Pub Date: Monday, Jul 26, 2021
Author: Braxton D. Mitchell, PhD, MPH
Affiliation: Department of Medicine, University of Maryland School of Medicine
This is an exciting time for cardiovascular disease research. The sequencing of the human genome has ushered in a new era of genomic research, which during the last decade has led to new avenues for cardiovascular disease prevention and treatment. Results from large clinical population studies and GWAS are being translated into clinical practice to improve risk stratification, 1-4 identify responders and non-responders to pharmacologic agents, 5-7 and develop more personalized approaches to health care. 8 Numerous highly penetrant risk alleles have been identified that are currently being used for genetic testing of patients with presumed heritable forms of heart disease and their family members.9, 10
Regrettably, there are huge inequities in those likely to reap the benefits accruing from this new era of genomic medicine. As with other inequities in the health care system, non-European populations are being left out. A driving force in this inequity is that minority (or more specifically, non-European) populations are much less likely to participate in genomic research from which many translatable discoveries are made. In the U.S. ~ 40% of the population is of primarily non-European ancestry, and that proportion is only expected to increase. Globally, non-European ancestry populations make up 84% of the world’s population.11 Despite these numbers, only 22% of individuals included in genome-wide association studies (GWAS) are of non-European descent, according to an analysis of studies published through 2018.12 In recognition of this gap, a number of efforts have been made to increase genetic diversity and representation in GWAS studies across a range of non-EUR populations. These include the Human Heredity and Health in Africa (H3Africa) initiative, supported by NIH and the Wellcome Trust, and in the U.S., NIH-supported initiatives such as the All of Us Program and the Trans -Omics for Precision Medicine (TOPMed) Consortium.
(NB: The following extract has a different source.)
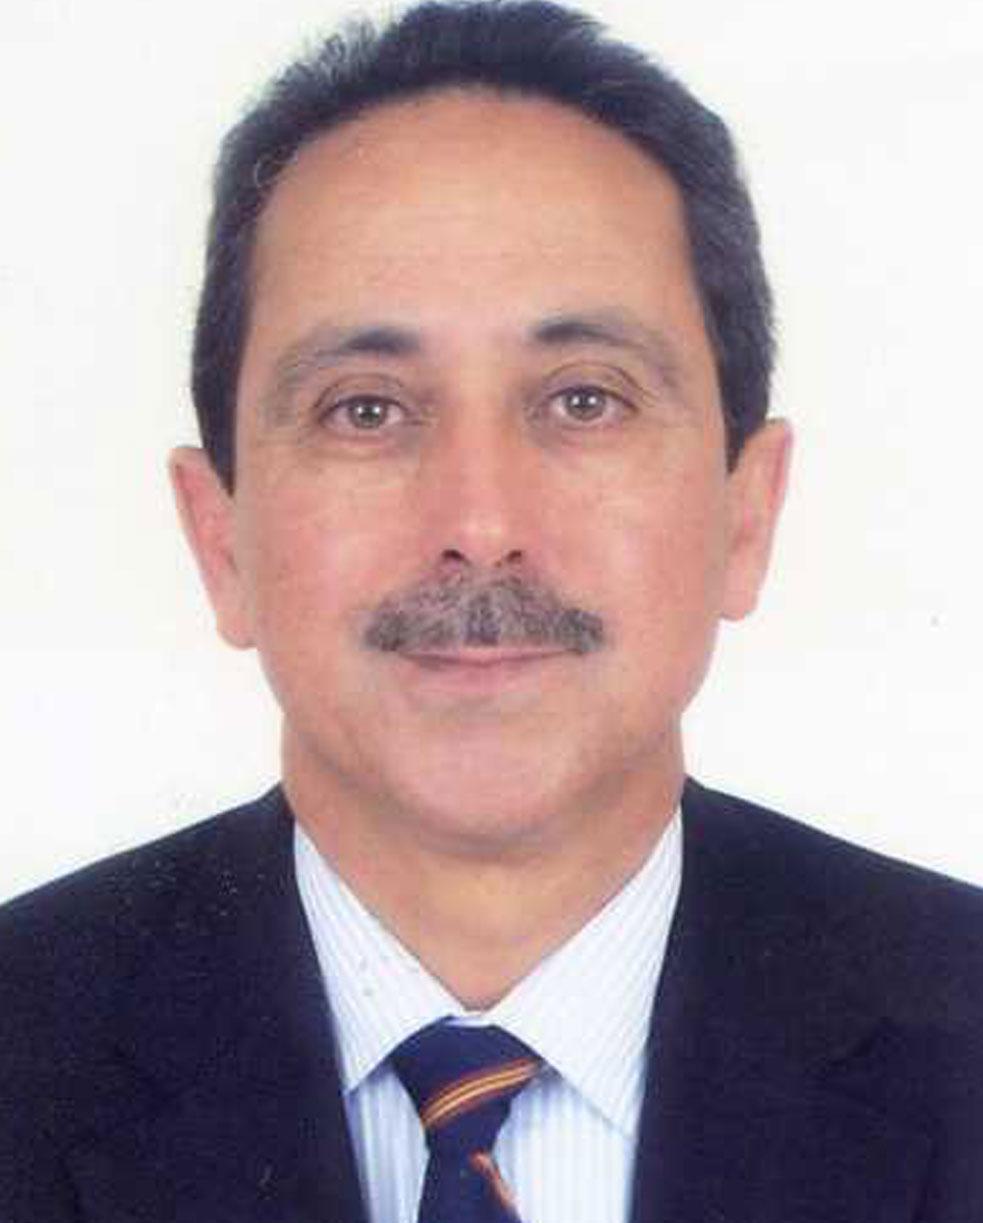 Mohamed KHACHANI

The underrepresentation of minority populations in current genomic research leads to a significant European bias in terms of the composition of what variants are discovered. Because of differing population histories, many disease-causing and disease-associated variants present in Europeans may not be present in non-European populations or may be present at lower allele frequencies. Conversely, many disease-causing and disease-associated variants important in non-European populations may not be identifiable in European populations. As a result, it is well appreciated that polygenic risk scores (PRS), which are increasingly being used for risk stratification, significantly under-perform when applied to non-European populations because most have been generated based on GWAS results derived from European populations.11 Sound application of PRS requires well-powered GWAS within the ancestry group in which the PRS is to be applied.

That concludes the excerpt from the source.